The best features could be decorative cornicing, original oak floors or exposed beams and this is your opportunity to make the most of these unique features. Repair or restore wherever possible. However, proceed with caution, I’d always recommend hiring an experienced professional to offer advice or ideally, undertake the work for you.
As tempting as it may be to hire the cheapest of everything, compromising on good tradesmen would be a misplaced saving!
Working with historical and period properties is a whole different ball game. Use people who have a background working on these sorts of buildings and get references. Getting this bit right can seriously help how the project flows and the end results.
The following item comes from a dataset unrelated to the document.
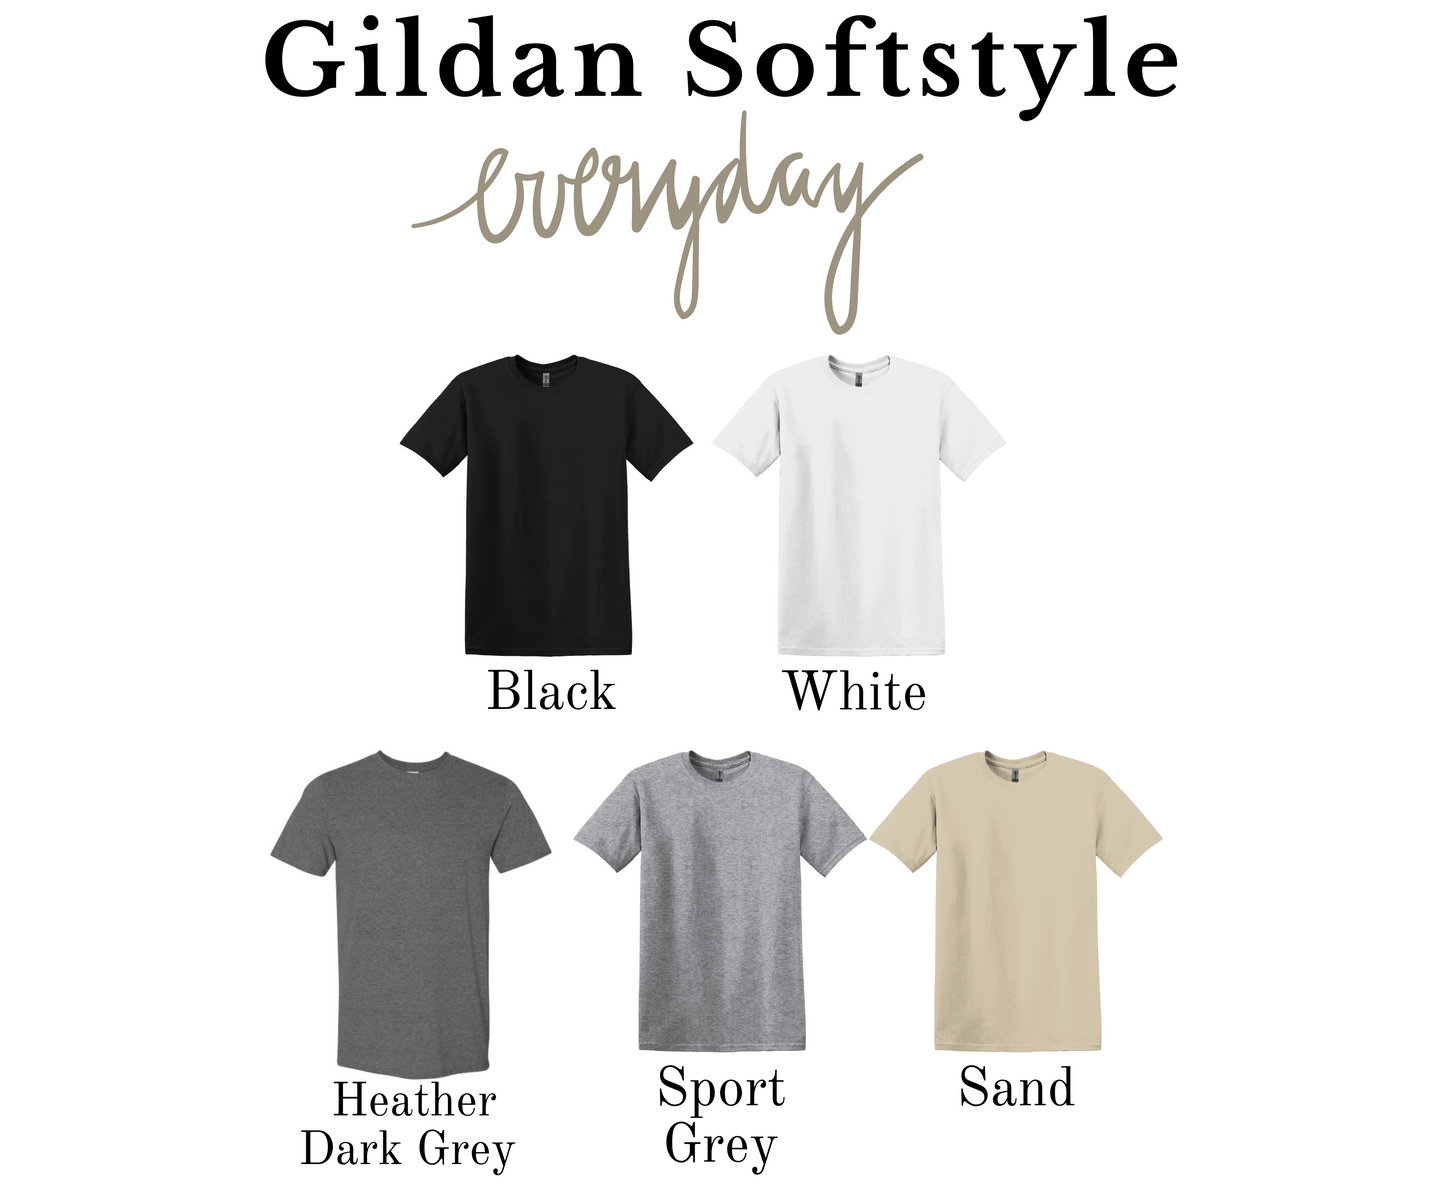 Feeling Lucky Gildan Softstyle Tshirt or Sweatshirt

Ask yourself what you’re trying to achieve, do you want to stay true to the era, or are you looking for a more modern approach to your décor? Both modern and traditional decors can be done well, but it’s good to have a clear picture from the beginning about what you want to achieve.
If the budget allows, consider an interior designer, alternatively look for inspiration in magazines or online. Paint manufacturers such as Farrow & Ball or Mylands offer free instore advice on basic colour schemes, take advantage of this!
The windows for example are one of the biggest impact features of a period property. Replacing damaged windows for new is very expensive when sometimes a simple service and repair by an experienced tradesman can do the job and save you thousands.
Consider very carefully what actually is damaged beyond repair and what can really be saved. Try to seek good independent advice before making any big decisions.
Taking on this sort of work can be very stressful. If you’re not convinced just watch a couple of episodes of Grand Designs and witness the ordeal for yourself.
My best advice would be to take a break from living on a building site from time to time and get away from it all. Go away with the family, relax and clear your mind. You’ll come back injecting a new lease of life towards the project that everybody will feed from.